Especially breeding into the event market.
I actually cannot think of a 100% TB that I would consider a commercially safe bet if you plan to sell pre-breaking.

Some pure TBs to consider might be revolution, watermill swatch, sula blue


----------



## welshdanash (21 January 2014)

My RID mare had a foal by Mill Law last year. I know he is not 100% TB but I'm really pleased with the cross. Maybe consider Jaguar Mail? Or Power Blade?


----------



## Piran (21 January 2014)

I thought about those first but their stud fees are high....and Chilli Morning's probably will be too! Does your Mill Law-RID foal look like it would be athletic enough to event? First cross RID foals are not ideal for eventing so I need a stallion that moves well and can gallop.


----------



## welshdanash (21 January 2014)

I think that the foal would probably event. Like you said its rare that a first cross would have the blood to take it to the higher levels, but I'm sure that a well bred quality foal could do a good job. I think the best bet for selling the foal is finding the sire that best suits the mare. This may mean spending money on the higher stud fees (it normally does  )!! Have you considered Primitive Proposal or Mighty Magic?


----------



## Maesfen (22 January 2014)

As you're in the south west have a look at Kings Composer and also any of the stallions that are at either Llangaller or Vauterhill Studs as I'm sure the owners would be pleased to show you their TBs that might not have competed themselves but are producing decent competition horses.  There is also Ramexico with Henry Horn (Narrowmore Stud) on Dartmoor; not  TB but a prolific improver.


----------



## sywell (22 January 2014)

You are breeding for a horse to compete in 6 years time. What way is eventing going and what will the market need. I see trappy fences and increasing standards in dressage. What are the top stallions in the WBFSH or FEI rankings that might improve the mare in that ability and is TB still the answere at all levels under 3 star?


----------



## JanetGeorge (22 January 2014)

Piran said:



			I thought about those first but their stud fees are high....and Chilli Morning's probably will be too! Does your Mill Law-RID foal look like it would be athletic enough to event? First cross RID foals are not ideal for eventing so I need a stallion that moves well and can gallop.
		
Click to expand...

A lot of them are!  You need to have a good look at your mare - many RIDs have TB quite high up in their pedigree - and if you put those mares t a TB, the TB usually dominates.  Hell, I have a 7/8ths ID gelding who looks as TB as most 1st crosses, having a grandmother who was 1st cross and it's hard to see the ID in her at all.

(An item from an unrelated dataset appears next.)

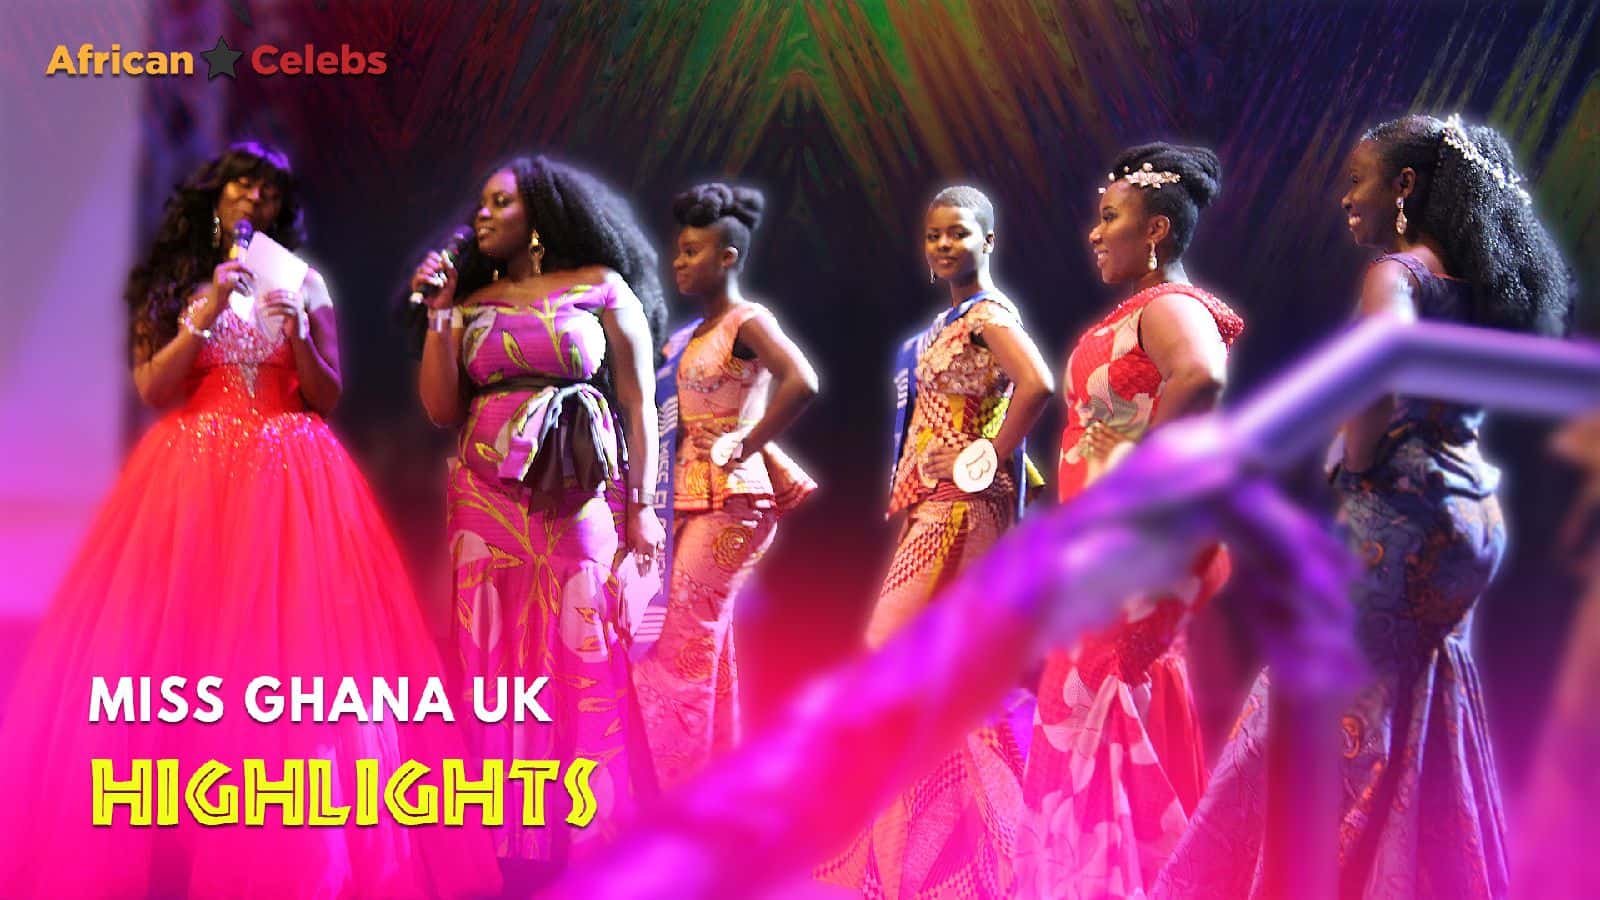 African Celebs Miss Ghana UK Highlights

Welshdanash's mare is pretty solid ID 'traditional' breeding (I bred her) but the foal by Mill Law (from the pics I've seen) oozes 'quality' and I'd be VERY surprised if it wasn't up to eventing to a decent level.


----------



## christine48 (22 January 2014)

I've bred a few and I know how much it costs to get them to 3 yr old. You may not get that much more for an unbroken 3 yr old than you would have got selling it as a foal.
As someone said, the way eventing is going with more emphasis on dressage & show jumping the 'blood type warm bloods' will come into their own.
Yours will only be 50% TB, so realistically I doubt it would fetch a huge price as an un broken 3 yr old unless it's out of a proven mare.


----------



## ritajennings (22 January 2014)

This is a TB x RID
://i890.photobucket.com/albums/ac108/ritajennings1949/Facebook/Ginger%20Cake%20and%20Emily%20Mereidith/67807_485537451530051_1115046161_n.jpg[/IMG][/URL]


----------



## welshdanash (22 January 2014)

I love that horse Rita, but then again I like its sire!  Thanks for being complimentary Janet. I obviously think that he is great but I am bias! Piran, I think that my foal has thrown a lot more towards the TB than I thought he was going too (this isn't a bad thing!). I don't know if I thought he might be chunkier because the blood was going on the bone rather than the other way around. I suppose thats the gamble when crossing two breeds. I will try and find a decent picture of my foal. I would be interested to find out who you choose!


----------



## JanetGeorge (22 January 2014)

christine48 said:



			Yours will only be 50% TB, so realistically I doubt it would fetch a huge price as an un broken 3 yr old unless it's out of a proven mare.
		
Click to expand...

I'm afraid this is right.  I've bred 20 odd IDxTB or TBx mares.  I think TWO I managed to sell as yearlings - the rest were sold as BACKED 3 and 4 yo's at prices that were barely break-even.  I couldn't sell them as unbacked 3 year olds.

The problem is that while a few (probably unsuitable) people buy unbacked youngsters - they're usually chasing a bargain.  A FEW top event prospects might be sold to professionals - but the top riders tend to have a few 'favoured' breeders they go to.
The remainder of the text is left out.